(GOAL OF THE EXERCISE)
Leave out the pictures and restate the rest of the data exactly.

(THE DATA)

::::

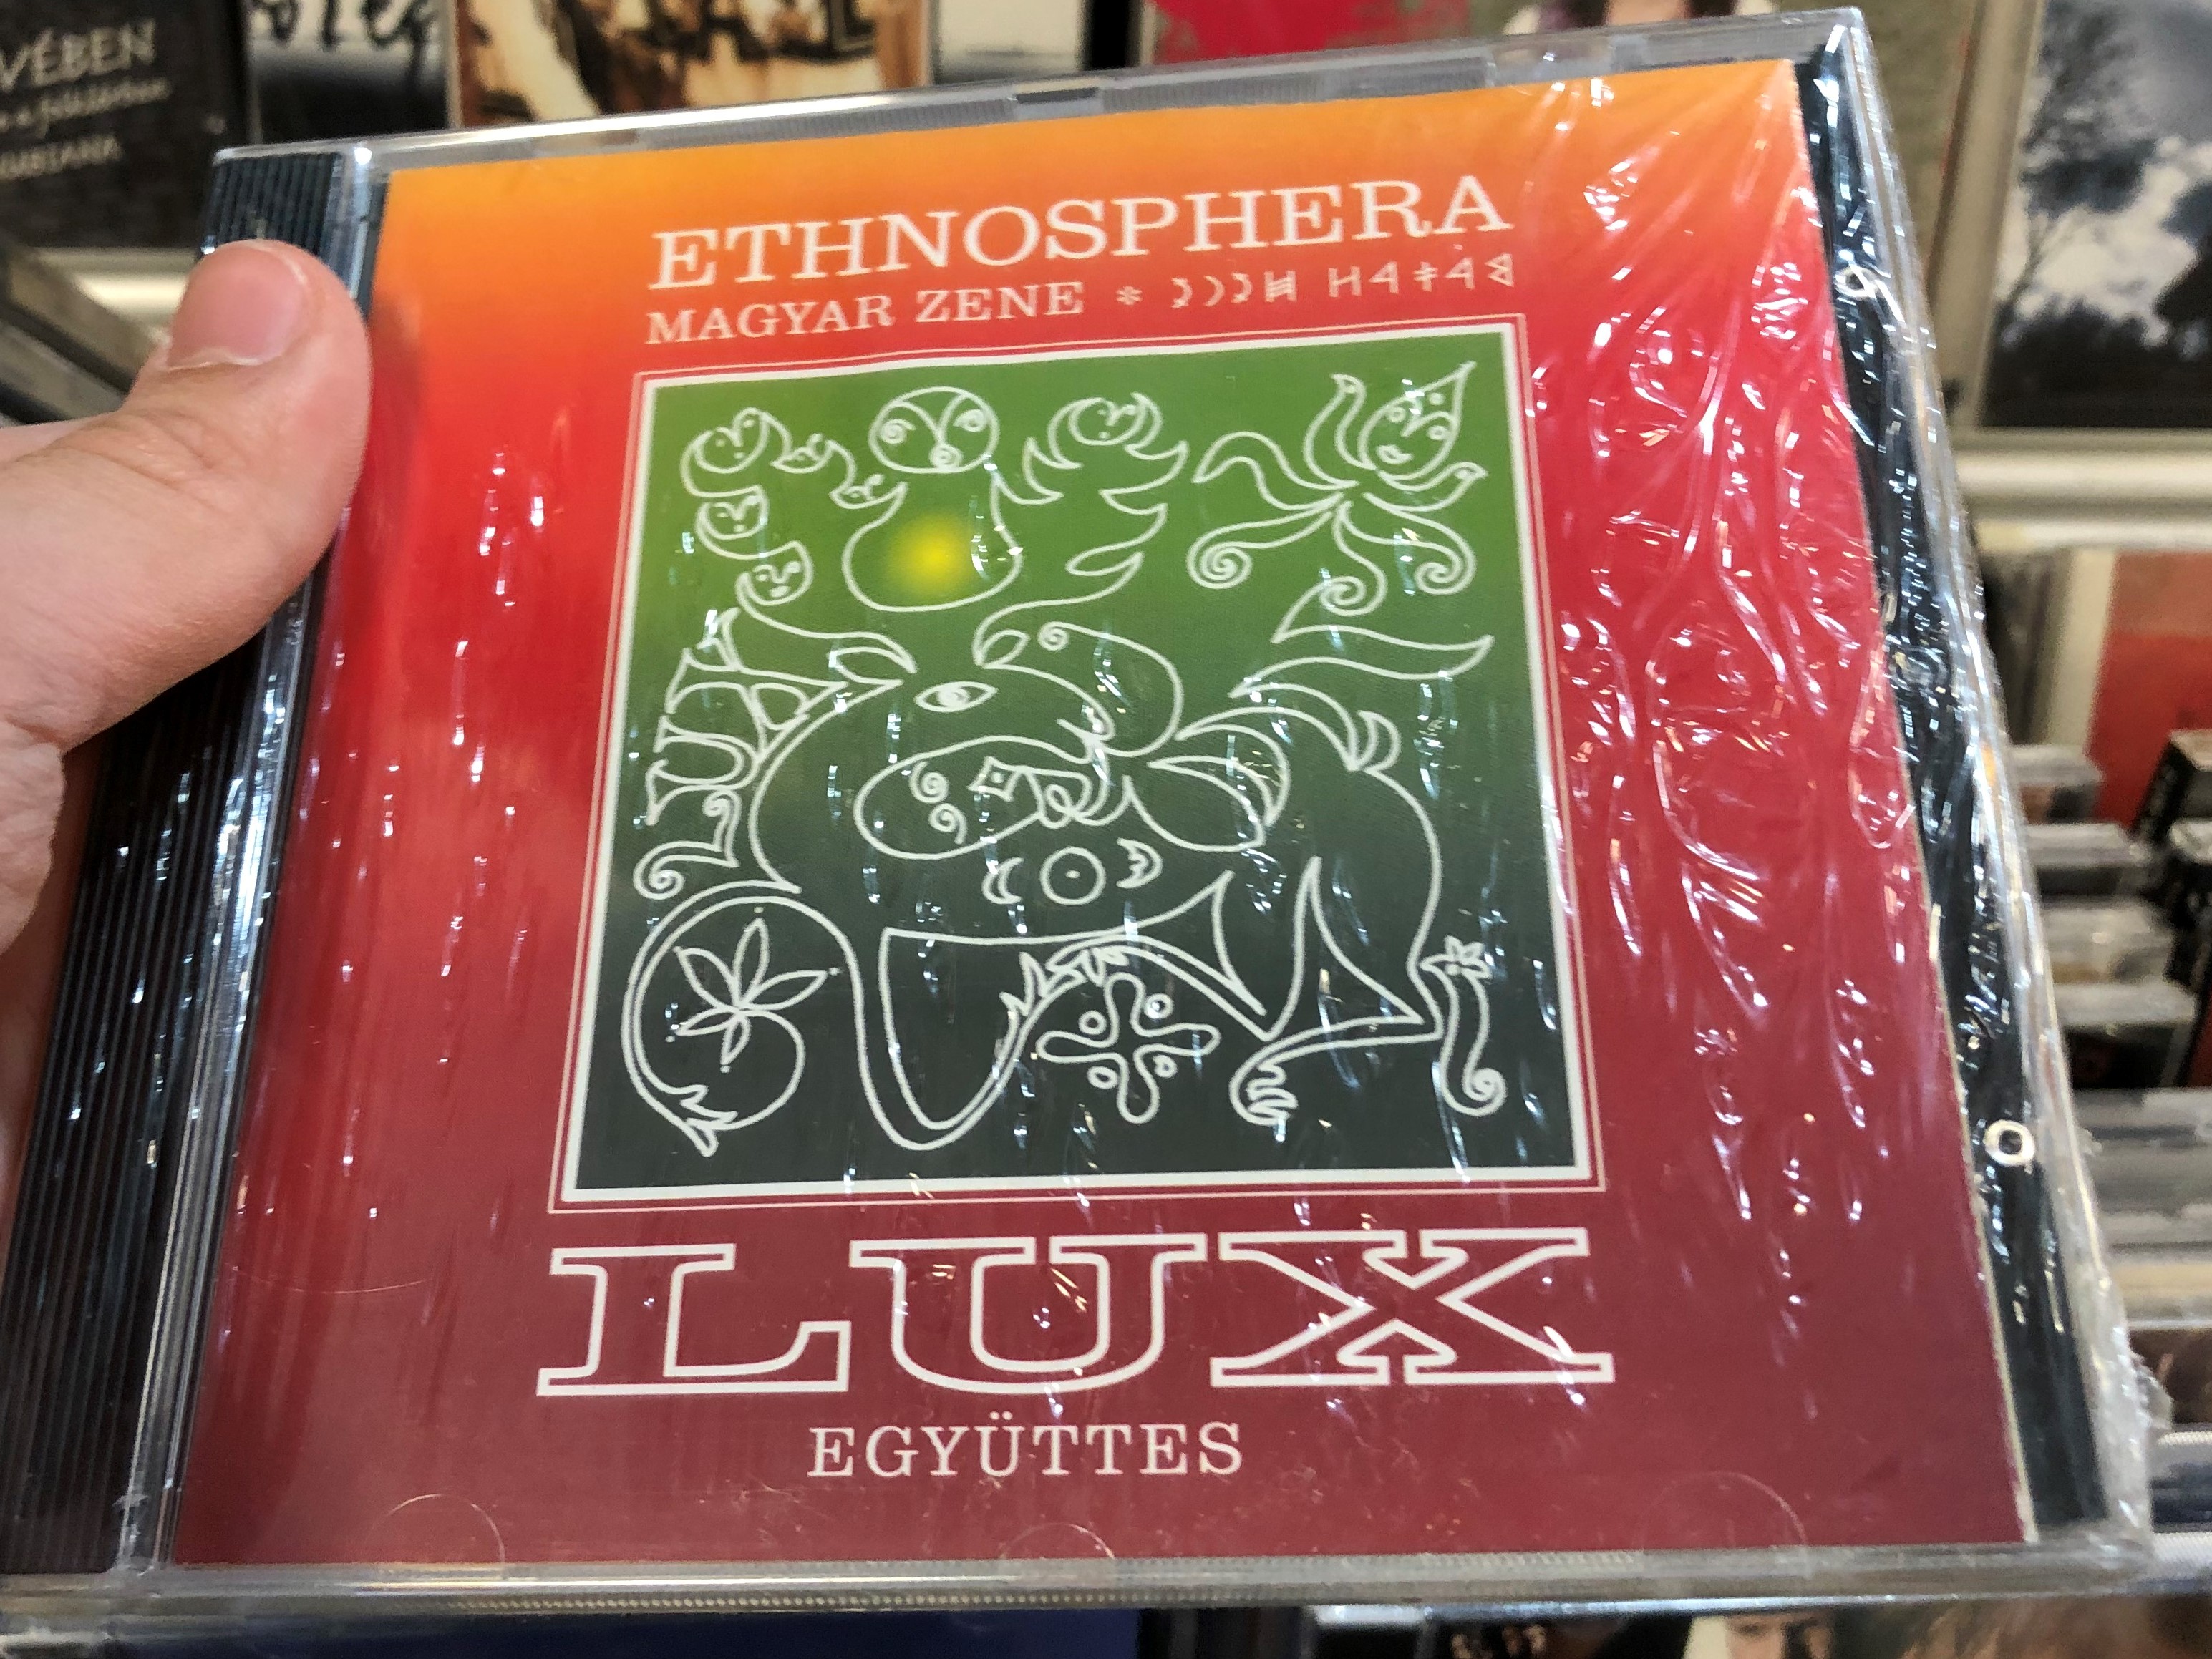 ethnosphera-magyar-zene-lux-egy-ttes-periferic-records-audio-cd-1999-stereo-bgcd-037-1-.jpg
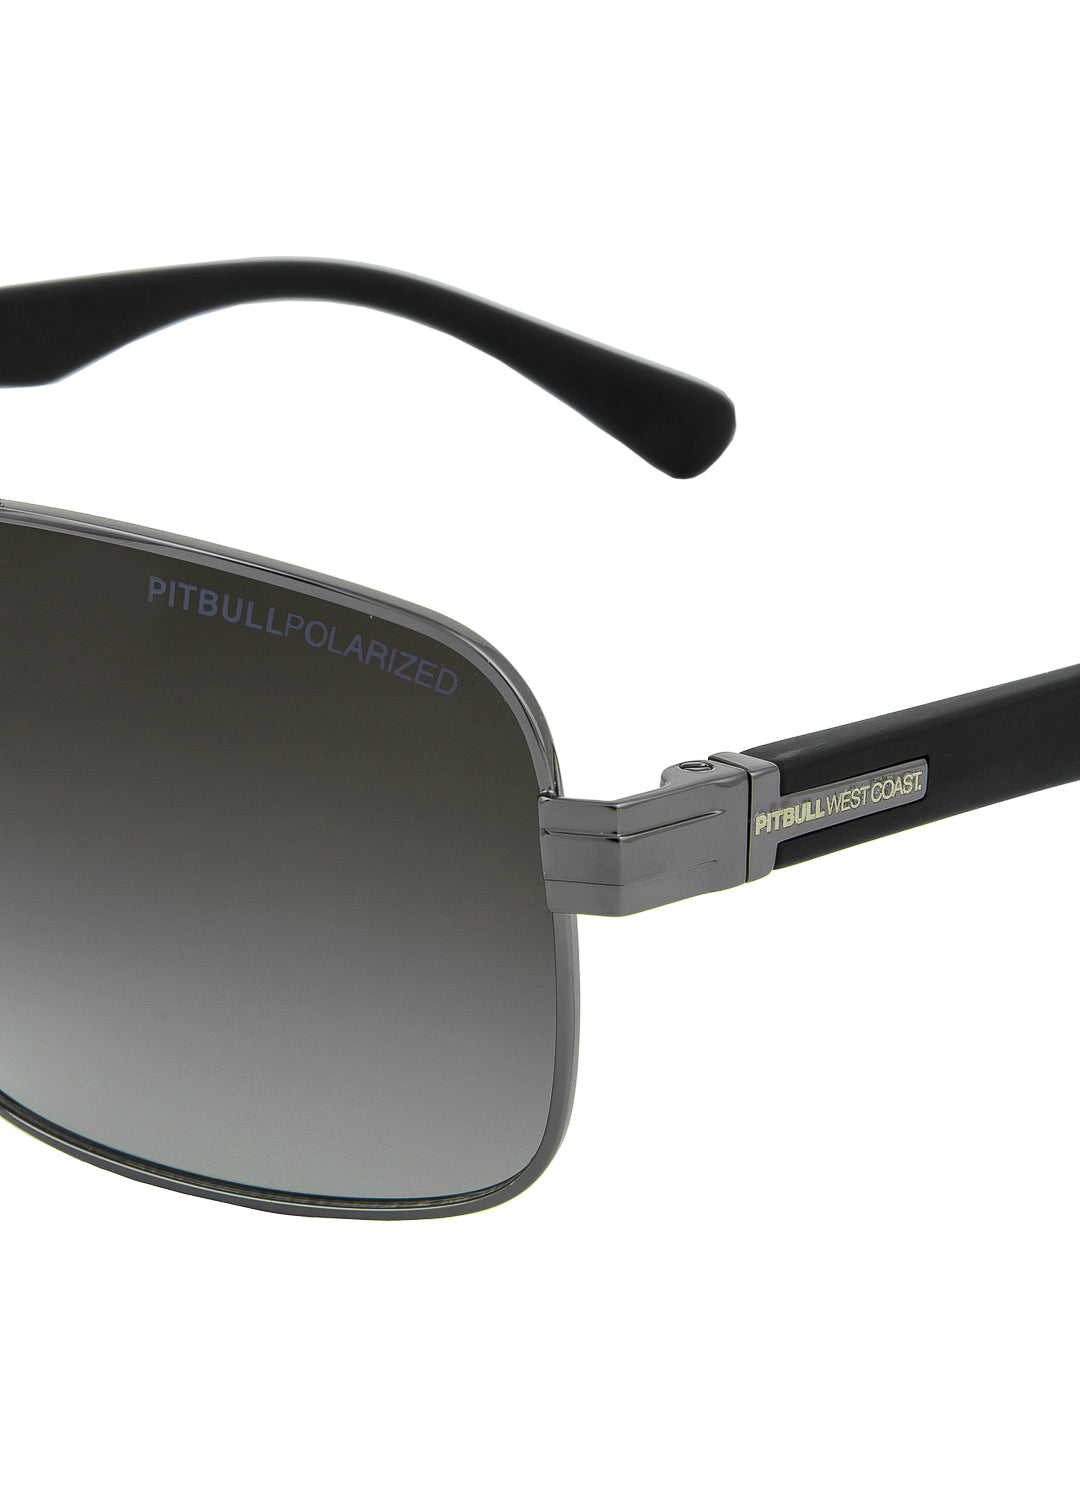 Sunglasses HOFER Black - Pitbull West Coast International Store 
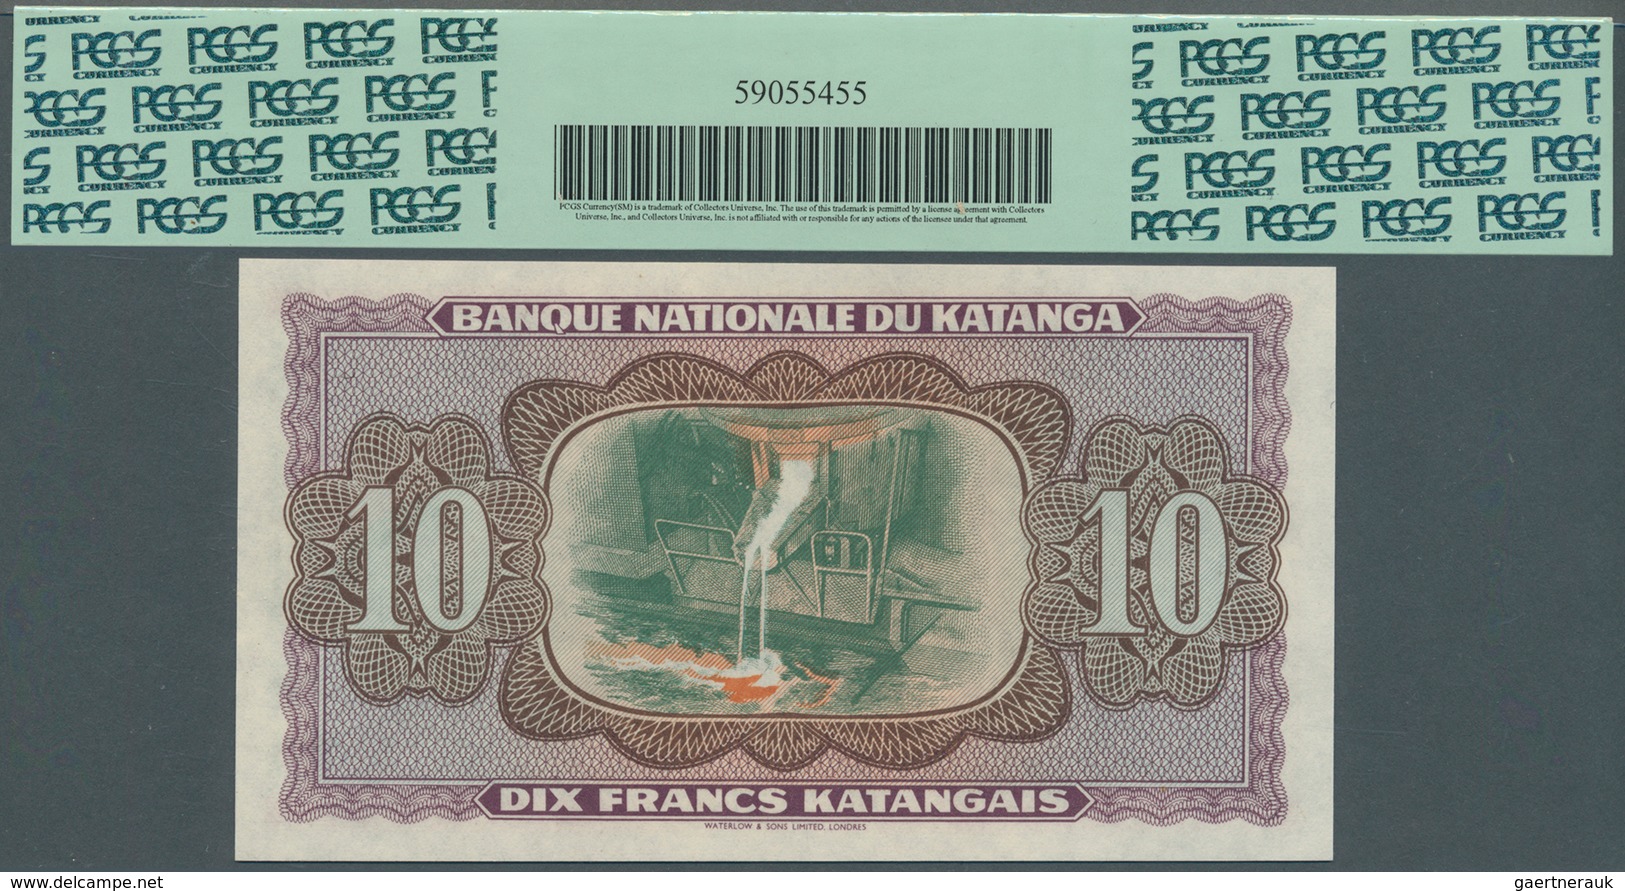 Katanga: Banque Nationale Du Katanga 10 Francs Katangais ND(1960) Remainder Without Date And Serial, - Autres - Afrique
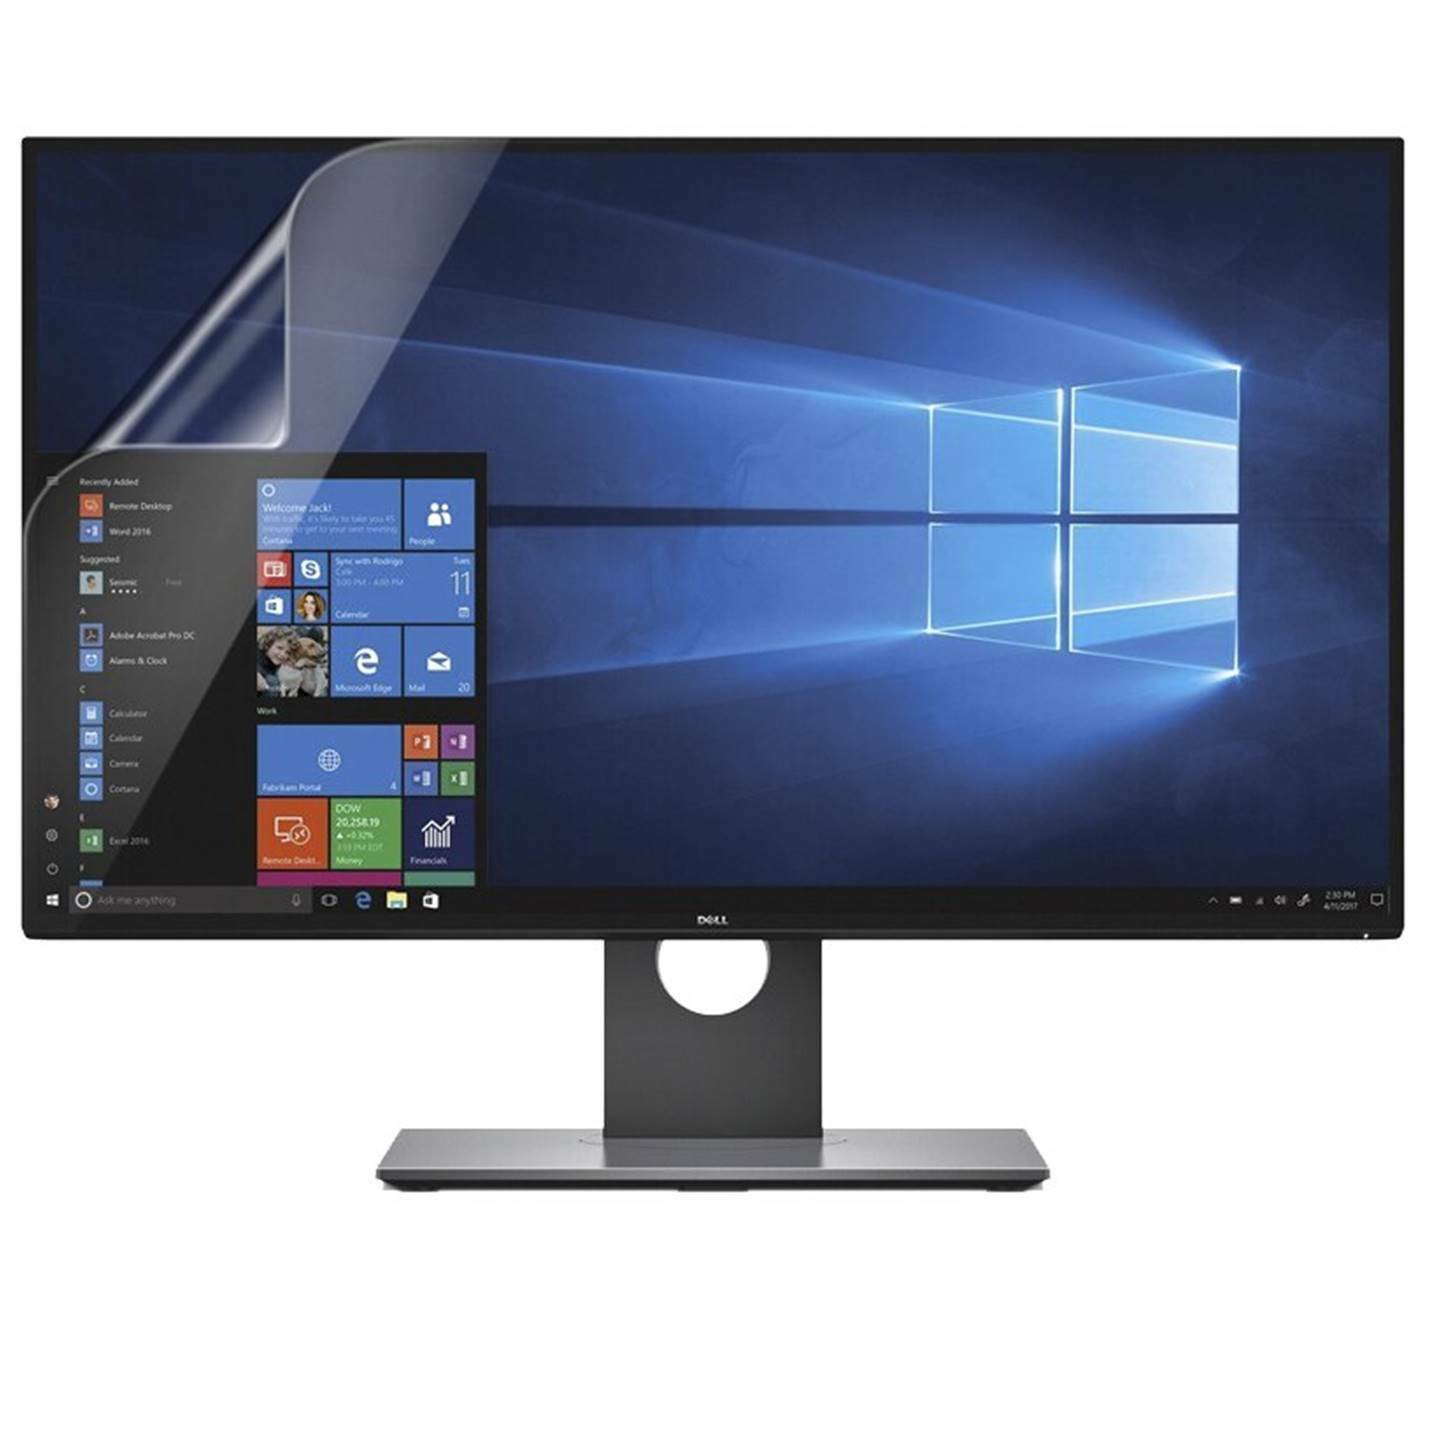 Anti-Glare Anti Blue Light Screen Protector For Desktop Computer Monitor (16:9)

::::

(SOLUTION FOR THIS EXERCISE)
 ethnosphera-magyar-zene-lux-egy-ttes-periferic-records-audio-cd-1999-stereo-bgcd-037-1-.jpg
 Sunglasses HOFER Black - Pitbull West Coast International Store 
 Katanga: Banque Nationale Du Katanga 10 Francs Katangais ND(1960) Remainder Without Date And Serial, - Autres - Afrique
 Anti-Glare Anti Blue Light Screen Protector For Desktop Computer Monitor (16:9)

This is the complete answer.